If a highway can be adopted, why not a prison?

That’s exactly what Dr. Hans Hallundbaek pondered before eventually becoming the director of the nonprofit Interfaith Prison Partnership (IPP), an outreach of the Hudson River Presbytery, in Katonah, New York.

“A highway belongs to the state, and they have a tough time keeping it clean; so, if the community wants to make the community nice, they help clean up the highway. It’s a community reaching out in its own self-interest,” Hallundbaek said in an interview with the Presbyterian News Service. “It’s exactly the same with a prison to say, ‘We’ll come and support you.’ Then it’s not a church thing. It’s a community thing, and ‘community’ is a church thing anyway.”

Hallundbaek, born and raised in Denmark, served as pastor for the Croton Falls Presbyterian Church in Croton Falls, New York, before retiring in 2018 to focus on the work of IPP. He and his wife, Katherine, both left successful jobs in the business world when each felt a call to prison ministry.

“I bet you Jesus worked with the poor and the downtrodden and the widows and the children, and so on, because it gave him joy,” Hallundbaek said. “He didn’t say, ‘Oh, I am a good man, I have to go in and do this good stuff.’ No, he did it because he gave them joy, and they gave it back to him.”

In 2017, Hallundbaek and his colleagues started a two-year plan to Adopt-A-Prison in the town of Bedford, New York, north of New York City.

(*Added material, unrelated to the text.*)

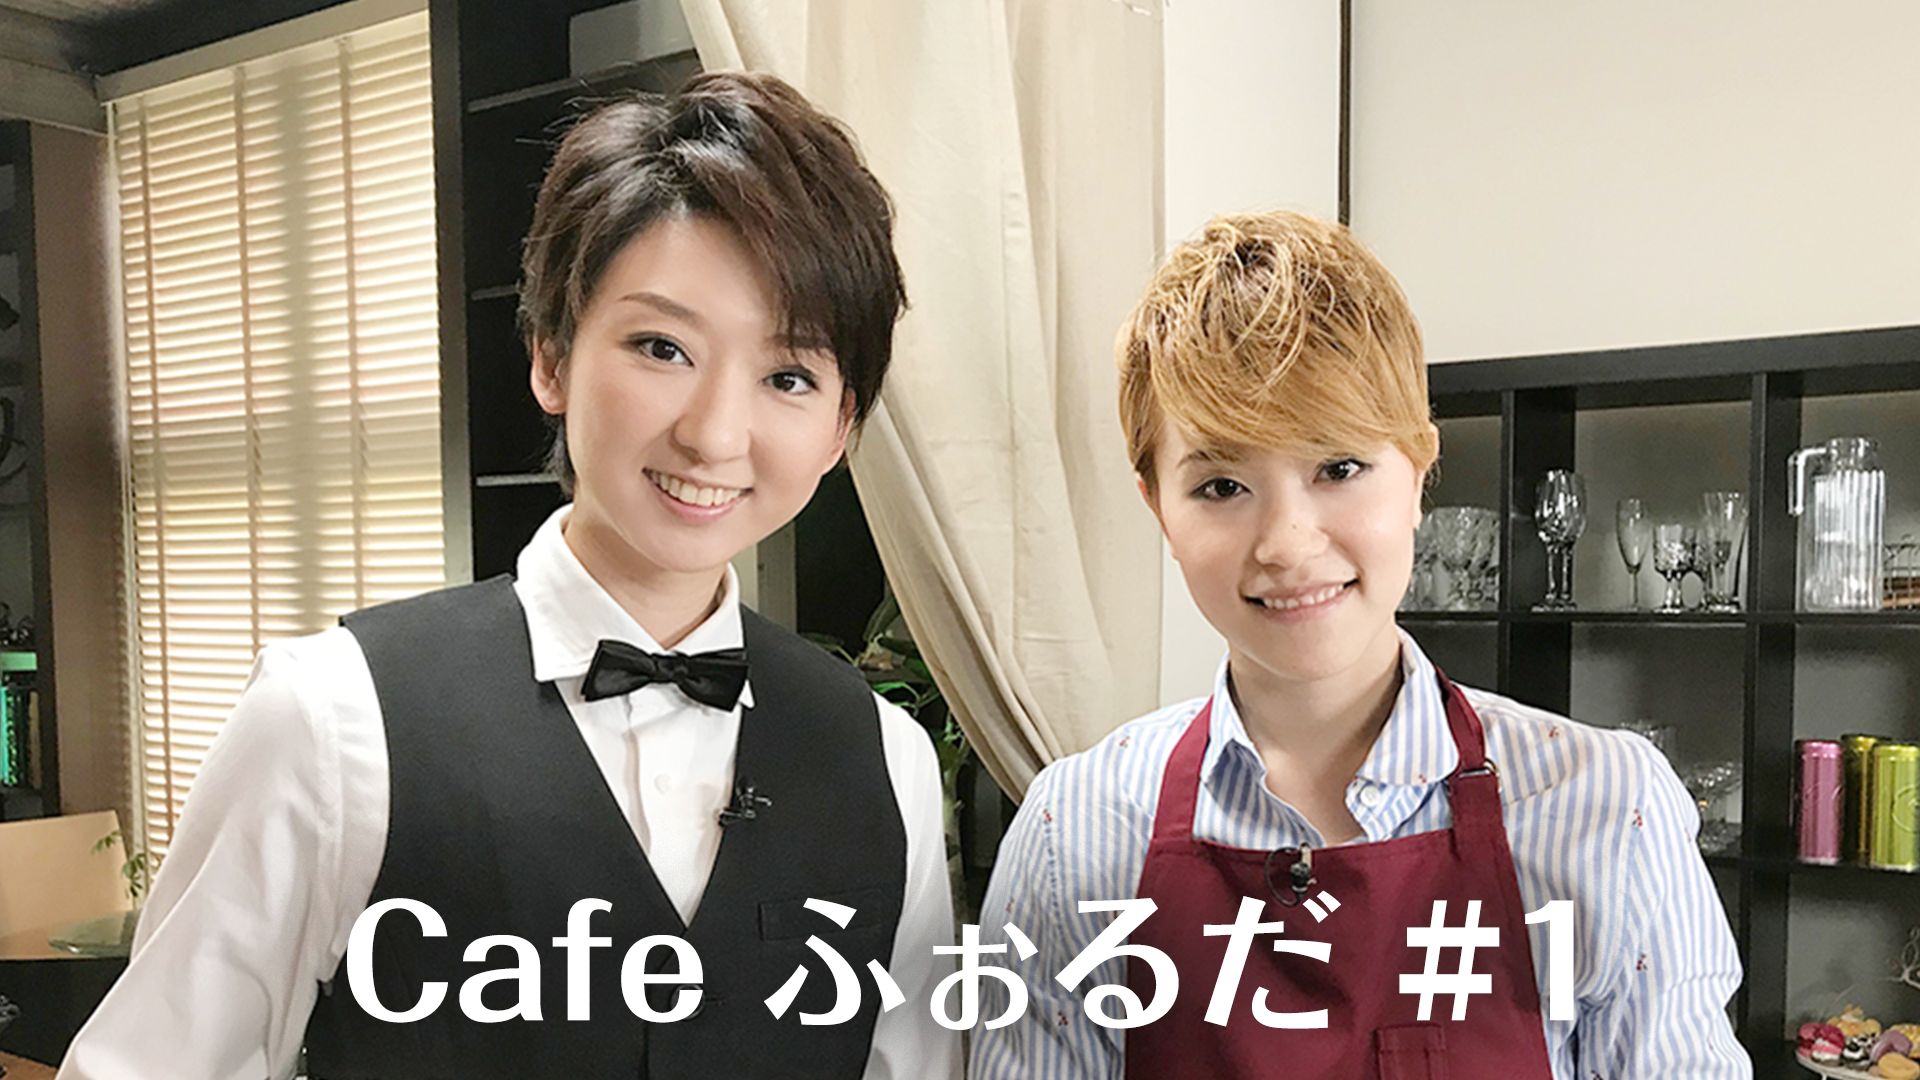 Cafe ふぉるだ #1

The town hall launch event, held in fall 2019, was attended by more than 100 community members and in January 2020, the Bedford Town Board unanimously approved the creation of a Prison Relations Advisory Committee (PRAC).

Through an outreach initiative called Operation Neighborhood, items such as toothpaste, deodorant, shampoo, and underwear, were brought to the women of Bedford Hills and Taconic Correctional Facilities.

One inmate wrote, “I broke into tears when I got a piece of soap because I realized that somebody was reaching out to me.”

Her thank you note was shared with those who donated the soap, and more tears were shed, establishing a sacred connection, a bridge between people who have never met. “It can hardly be more Gospel than that,” Hallundbaek said.